Scanning Code 3 Of 9 In .NET FrameworkUsing Barcode reader for VS .NET Control to read, scan read, scan image in .NET framework applications.

Creating Barcode In .NETUsing Barcode generator for VS .NET Control to generate, create barcode image in .NET applications.

Figure 20-1

Scanning Bar Code In .NETUsing Barcode reader for .NET framework Control to read, scan read, scan image in VS .NET applications.

Create Code 39 Extended In Visual C#.NETUsing Barcode generator for Visual Studio .NET Control to generate, create Code 39 Extended image in Visual Studio .NET applications.

Illustration for Question and Answer 11-7

Printing Code 3 Of 9 In VS .NETUsing Barcode generator for ASP.NET Control to generate, create ANSI/AIM Code 39 image in ASP.NET applications.

Code 3 Of 9 Printer In VB.NETUsing Barcode maker for .NET Control to generate, create Code 39 Extended image in .NET applications.

variable is represented by r (the radial distance from the origin) How can we tell if the relation is a function of q

Creating UPC Symbol In .NETUsing Barcode generation for Visual Studio .NET Control to generate, create UCC - 12 image in .NET applications.

Creating Code 128C In Visual Studio .NETUsing Barcode encoder for VS .NET Control to generate, create Code 128C image in Visual Studio .NET applications.

Answer 11-8

Code39 Drawer In Visual Studio .NETUsing Barcode maker for VS .NET Control to generate, create ANSI/AIM Code 39 image in Visual Studio .NET applications.
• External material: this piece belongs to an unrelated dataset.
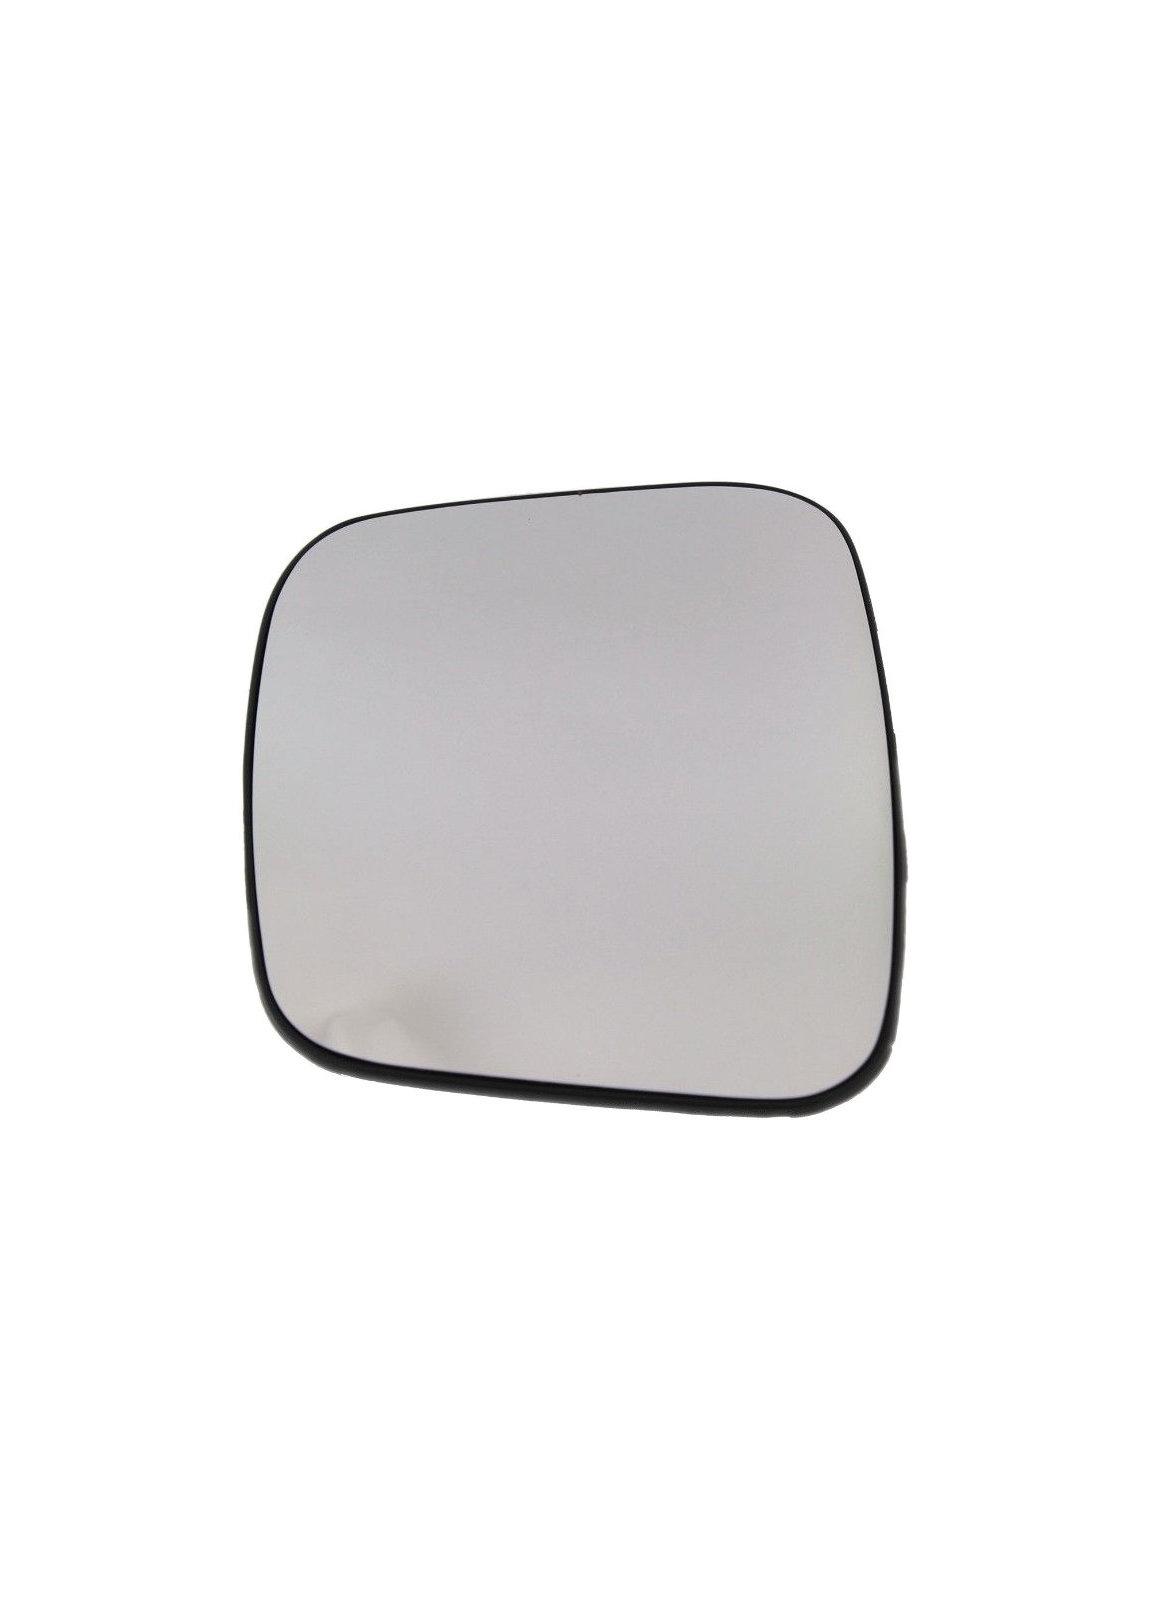 Geam oglinda Citroen Nemo (Aa), 10.2007-, Fiat Fiorino/Qubo, 10.2007-, Fiat Fiorino/Qubo, 10.2007-, Peugeot Bipper, 10.2007-, partea Dreapta, culoare sticla crom, sticla convexa, cu incalzire

Drawing Monarch In Visual Studio .NETUsing Barcode generator for .NET Control to generate, create ANSI/AIM Codabar image in Visual Studio .NET applications.

We can draw the graph of the relation in a Cartesian plane, plotting values of q along the horizontal axis, and plotting values of r along the vertical axis We can allow both q and r to attain all possible real-number values Then we can use the Cartesian vertical-line test to see if the relation is a function of q

Print UCC - 12 In JavaUsing Barcode encoder for Java Control to generate, create GTIN - 12 image in Java applications.
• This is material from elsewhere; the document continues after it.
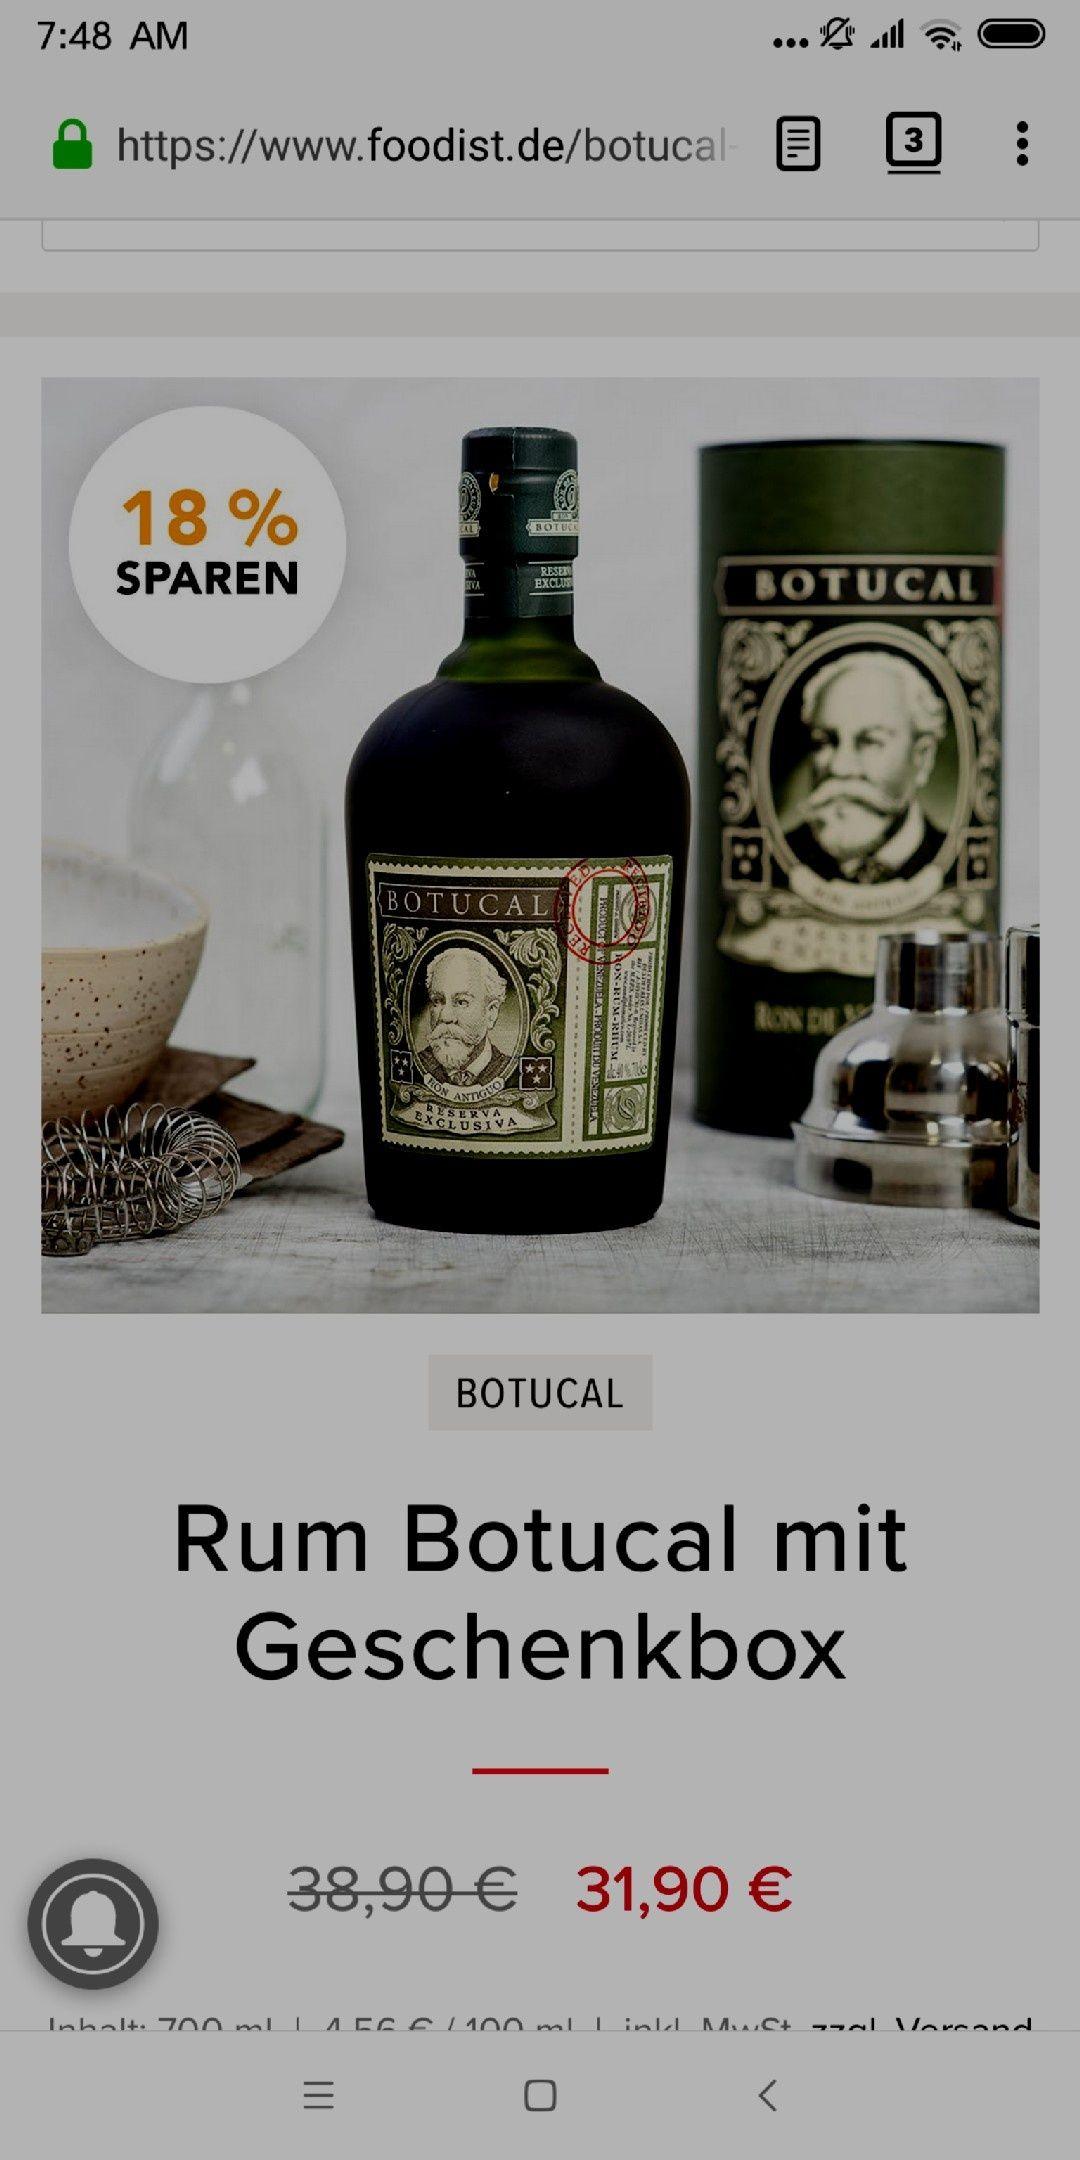 Rum Botucal mit Geschenkbox

USS-128 Generation In NoneUsing Barcode encoder for Software Control to generate, create GS1-128 image in Software applications.

Question 11-9

Code 128 Code Set B Creation In Objective-CUsing Barcode maker for iPad Control to generate, create Code 128 Code Set B image in iPad applications.

Code 3 Of 9 Reader In Visual C#.NETUsing Barcode recognizer for VS .NET Control to read, scan read, scan image in .NET framework applications.

How do functions add, subtract, multiply, and divide

UCC - 12 Printer In Objective-CUsing Barcode maker for iPad Control to generate, create UCC-128 image in iPad applications.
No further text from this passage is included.